▶ [EXERCISE]: Copy down the listing below exactly. Do not include pictures.

▶ [SUPPLIED DATA]:
━━━━━━━━━━

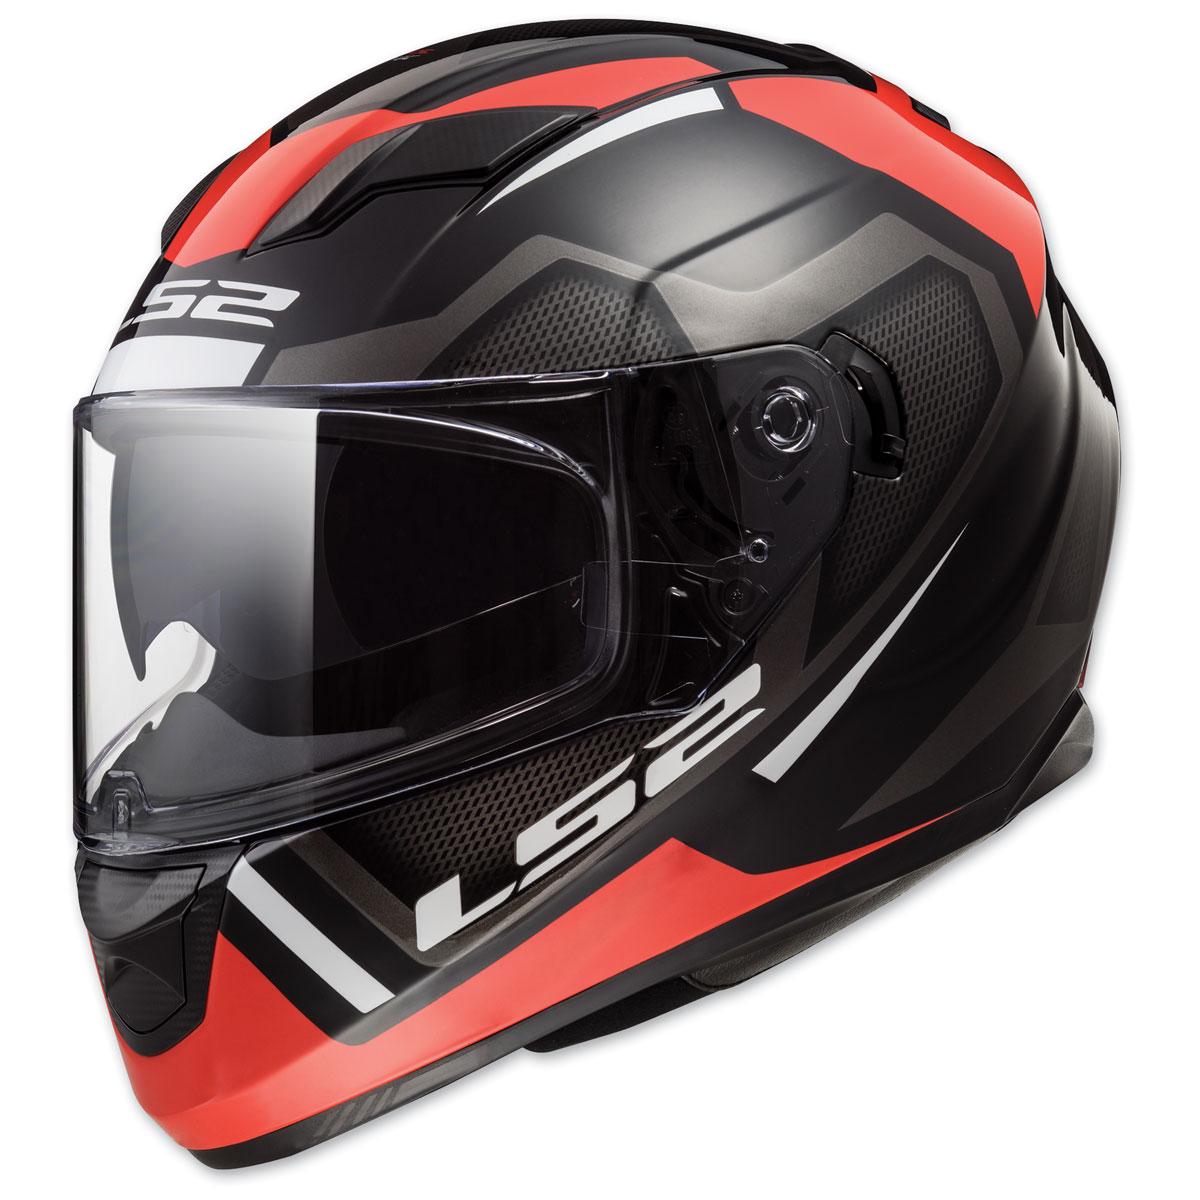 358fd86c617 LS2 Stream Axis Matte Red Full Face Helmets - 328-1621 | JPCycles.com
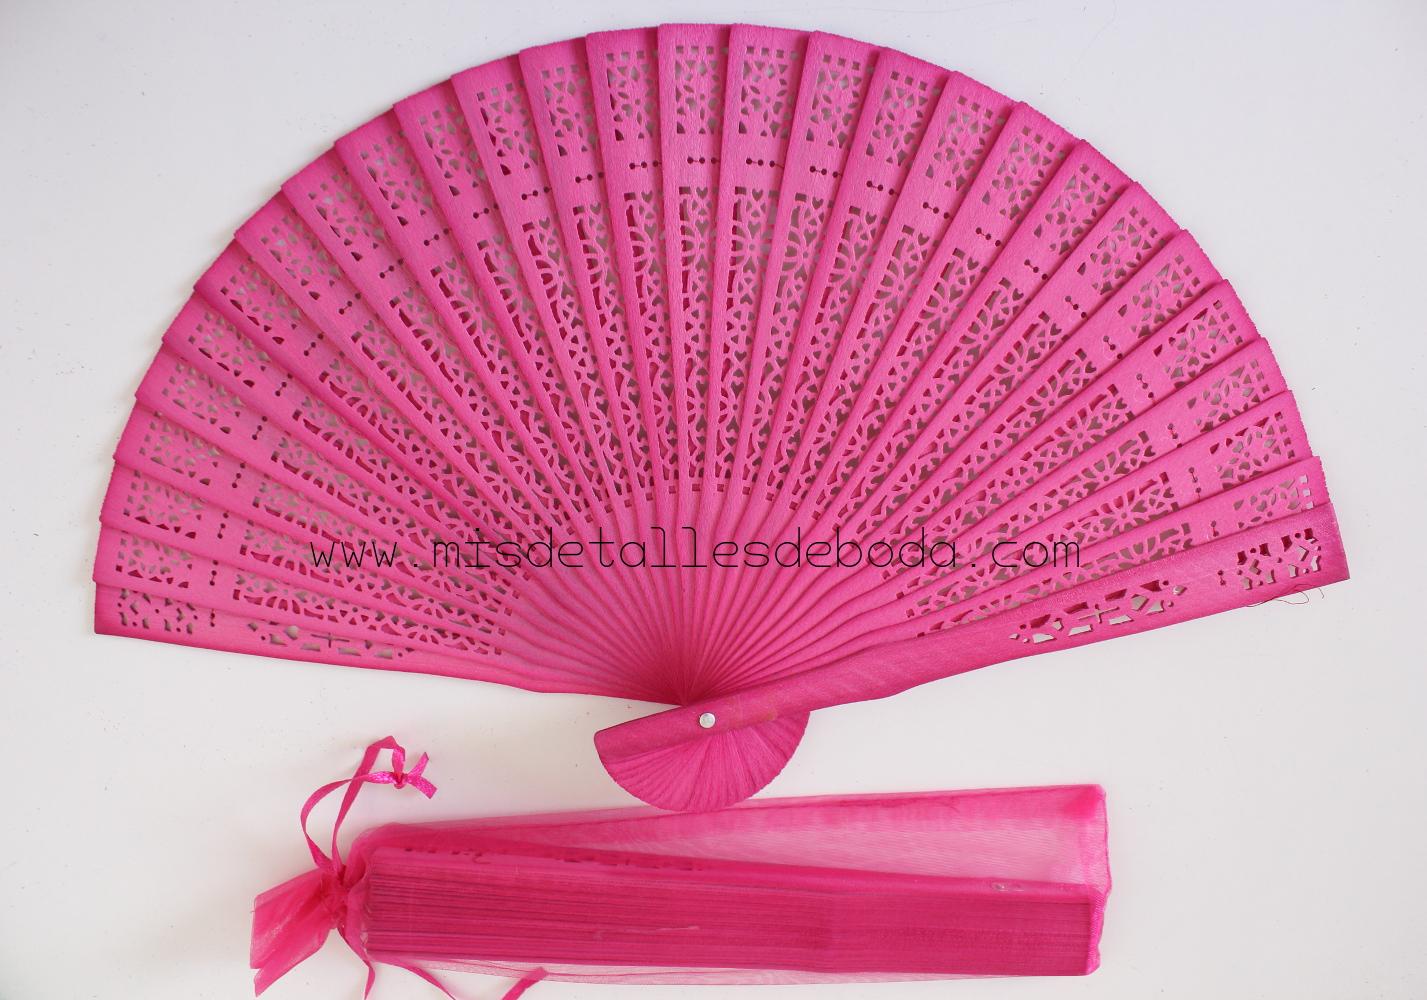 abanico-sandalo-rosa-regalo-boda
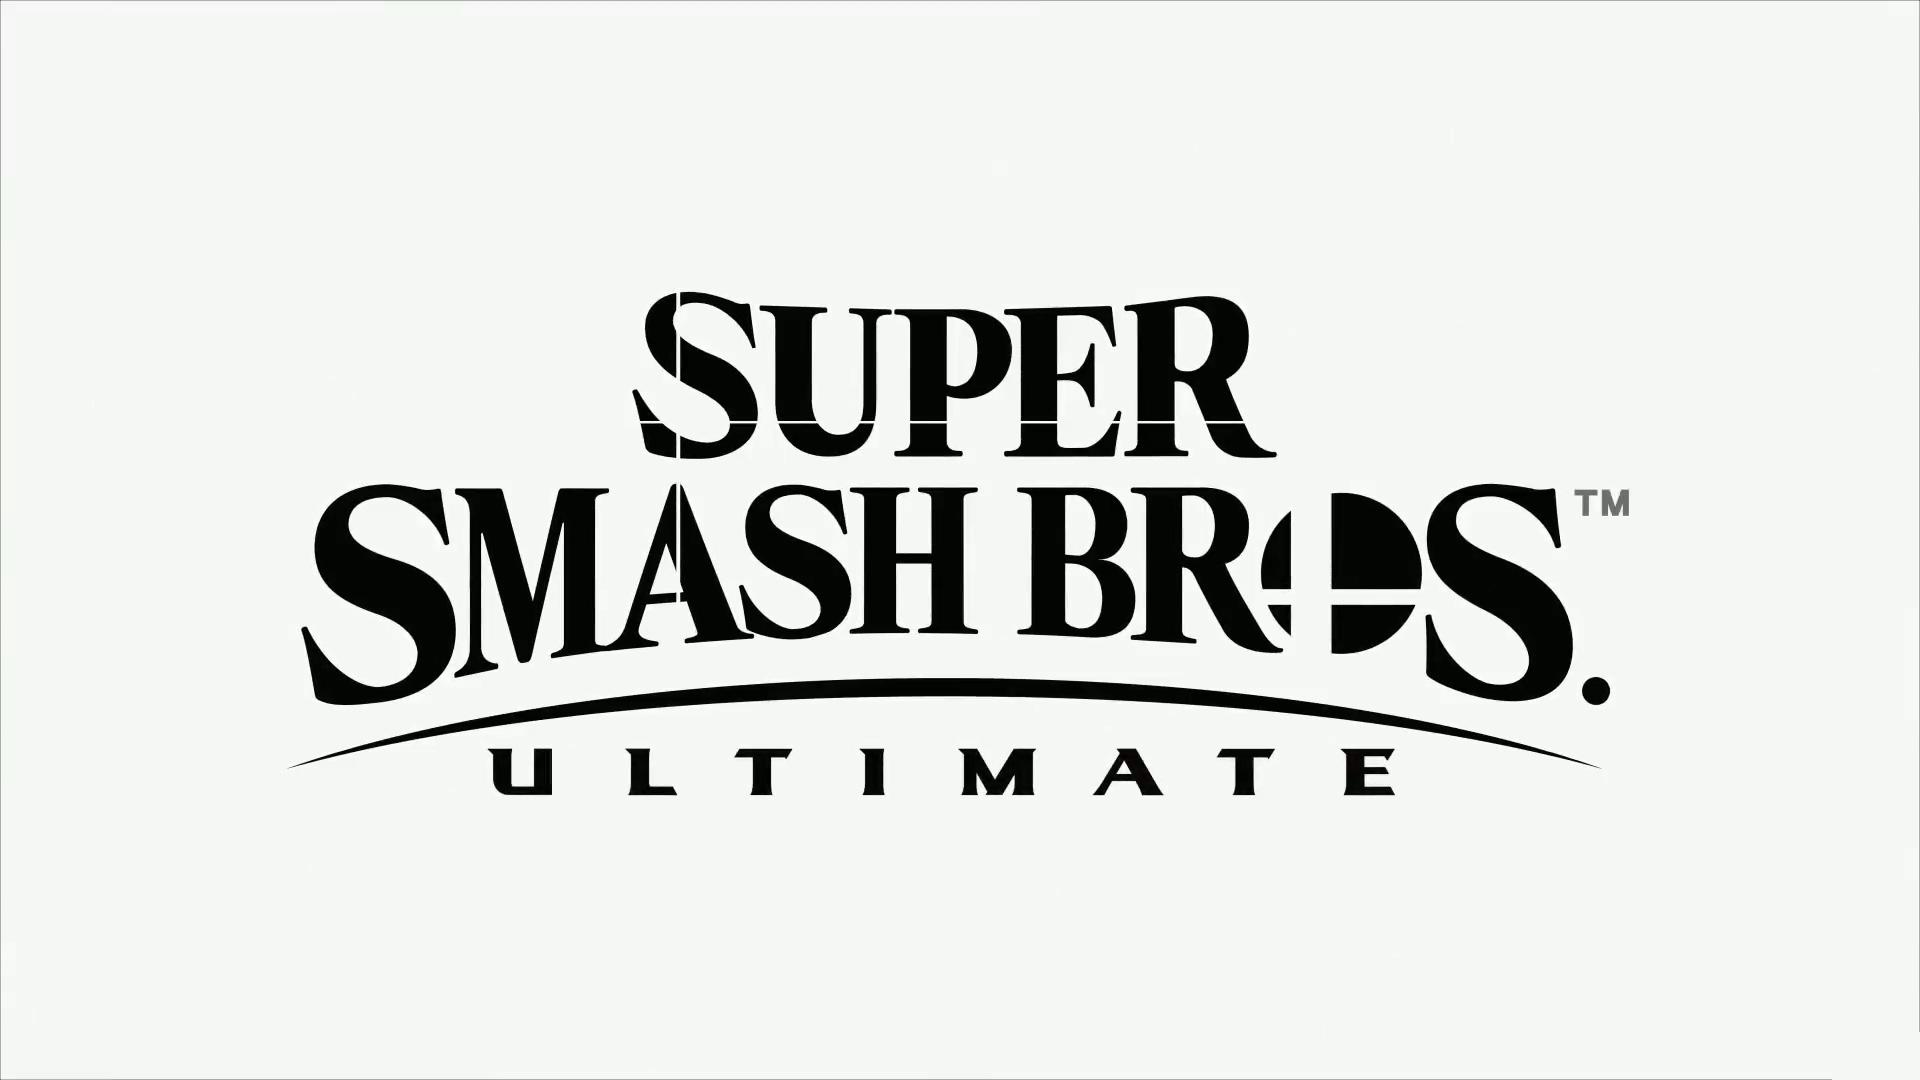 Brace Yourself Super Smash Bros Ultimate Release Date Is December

━━━━━━━━━━

▶ [OUTPUT]:
 358fd86c617 LS2 Stream Axis Matte Red Full Face Helmets - 328-1621 | JPCycles.com
 abanico-sandalo-rosa-regalo-boda
 Brace Yourself Super Smash Bros Ultimate Release Date Is December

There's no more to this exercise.